- Film poster
- Directed by: Yōichi Higashi
- Screenplay by: Shun Medoruma
- Based on: Kazane and Utsumi by Shun Medoruma
- Produced by: Tetsujiro Yamagami
- Starring: Muneo Uema; Haruko Kato; Miho Tsumiki; Ken Mitsuishi; Saburo Kitamura;
- Cinematography: Takahiro Tsutai
- Edited by: Yōichi Higashi
- Music by: Taraf de Haïdouks; Takashi Hirayasu;
- Production company: SIGLO Ltd.
- Distributed by: SIGLO Ltd.
- Release date: July 31, 2004 (Japan);
- Running time: 106 minutes
- Country: Japan
- Language: Japanese

= Fuon =

Fuon (風音), also known as The Crying Wind, is a 2004 Japanese coming of age drama film directed by Yōichi Higashi. It was adapted by Shun Medoruma from two of his own short stories, "Kazane" and "Utsumi". The film tells the story of two young boys in Okinawa who are fascinated by local tales of the "Crying Head", the skull of a kamikaze pilot shot down in World War II. It stars Muneo Uema (a non-professional actor) in the lead role, in addition to Haruko Kato, Miho Tsumiki, Ken Mitsuishi and Saburo Kitamura. Takashi Hirayasu and the group Taraf de Haïdouks co-composed the film's score. Fuon premiered at the 27th Montreal World Film Festival before being theatrically released by SIGLO Ltd. on July 31, 2004, in Japan.

==Premise==
The setting is the present-day, more than fifty years after the end of World War II, in a small seaside village in northern Okinawa. In a burial ground on a cliff near the ocean, resides the skull of a kamikaze pilot who was shot down in the final days of the war. The villagers call it the "Crying Head" for the sound the bullet hole in the skull makes when the wind blows. They have enshrined it as the guardian deity of the island and fear it.

Fleeing her abusive husband, Kazue and her 10 year old son, Masashi, come to live in the village with her elderly mother. There Masashi befriends 12 year old Akira, the grandson of aging fisherman Seikichi. The boys are fascinated by tales of the skull. One summer day, they decide to find it. After locating it, they mess around with the "Crying Head". From that day on, the "sound of the wind" stops, and ripples begin to rise in the peaceful daily life of the village. At the same time, an old woman visits the island. She is the pilot's former lover. She is dying and wishes to find out what happened to him.

As the memories of those who live on the island, those who come from outside the island, and those who died on the island overlap, everyone's secrets are slowly revealed.

==Background==
Medoruma's original short stories were first published in 1997, and translated to English by Kyoko Selden and Alisa Freedman. After the film's release, Medoruma expanded the short stories into a full novel titled Fuon: The Crying Wind.

==Release==
Fuon was theatrically released by SIGLO Ltd. on July 31, 2004, in Japan. The film was later released to DVD on August 5, 2005 by Toei Video.

==Reception==
Writing for Variety, Derek Elley called the film "Clumsily scripted," and said that it "aims for a semi-mystical tone, but is sunk by largely dull performances." He also stated that the "magical touch" Higashi brought to his previous films Village of Dreams and My Grandpa is "largely absent" in Fuon, and he believed that the film was clearly "constrained by its low budget."

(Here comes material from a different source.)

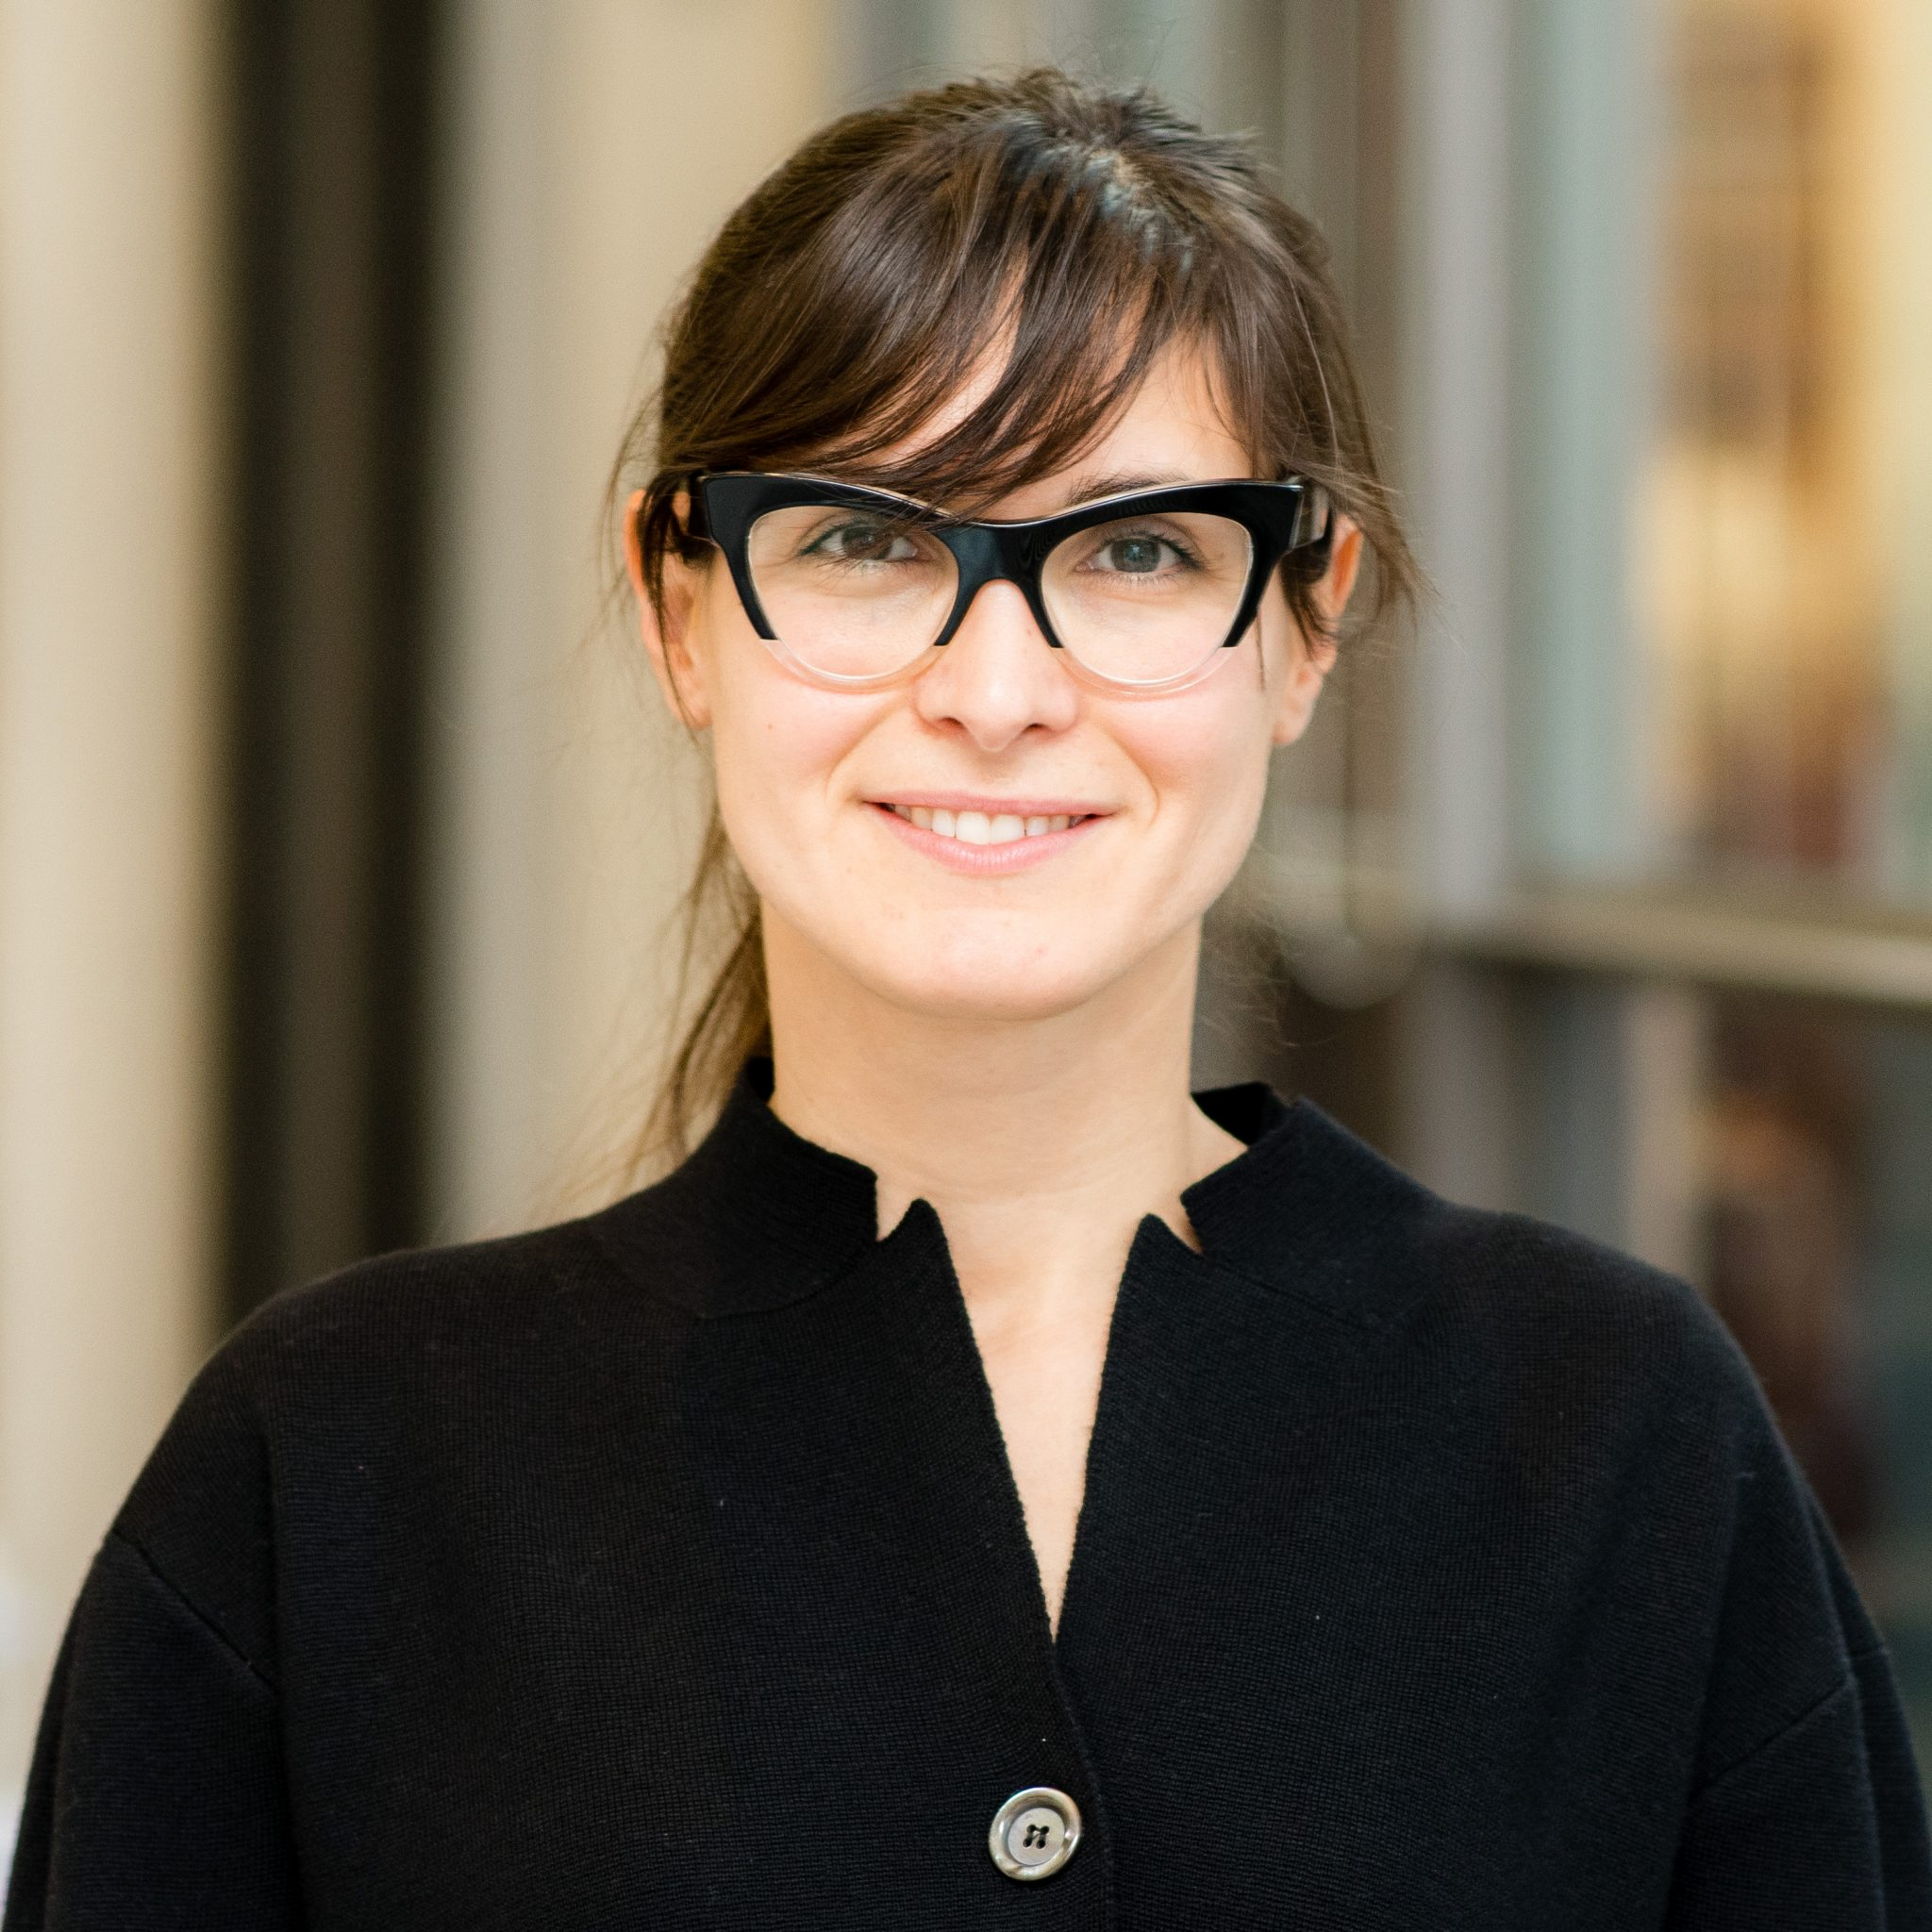 Anastasia Ferrucci

A review for kamikazeimages.net stated that "This high-quality Japanese film by a native Okinawan writer allows viewers to get a glimpse of rural life on the island and the influence that the tragic events of WWII still have on Japan's oldest generation."

==Awards and nominations==
27th Montreal World Film Festival
- Won: Innovation Award (Yōichi Higashi)
- Nominated: Grand Prix des Amériques (Yōichi Higashi)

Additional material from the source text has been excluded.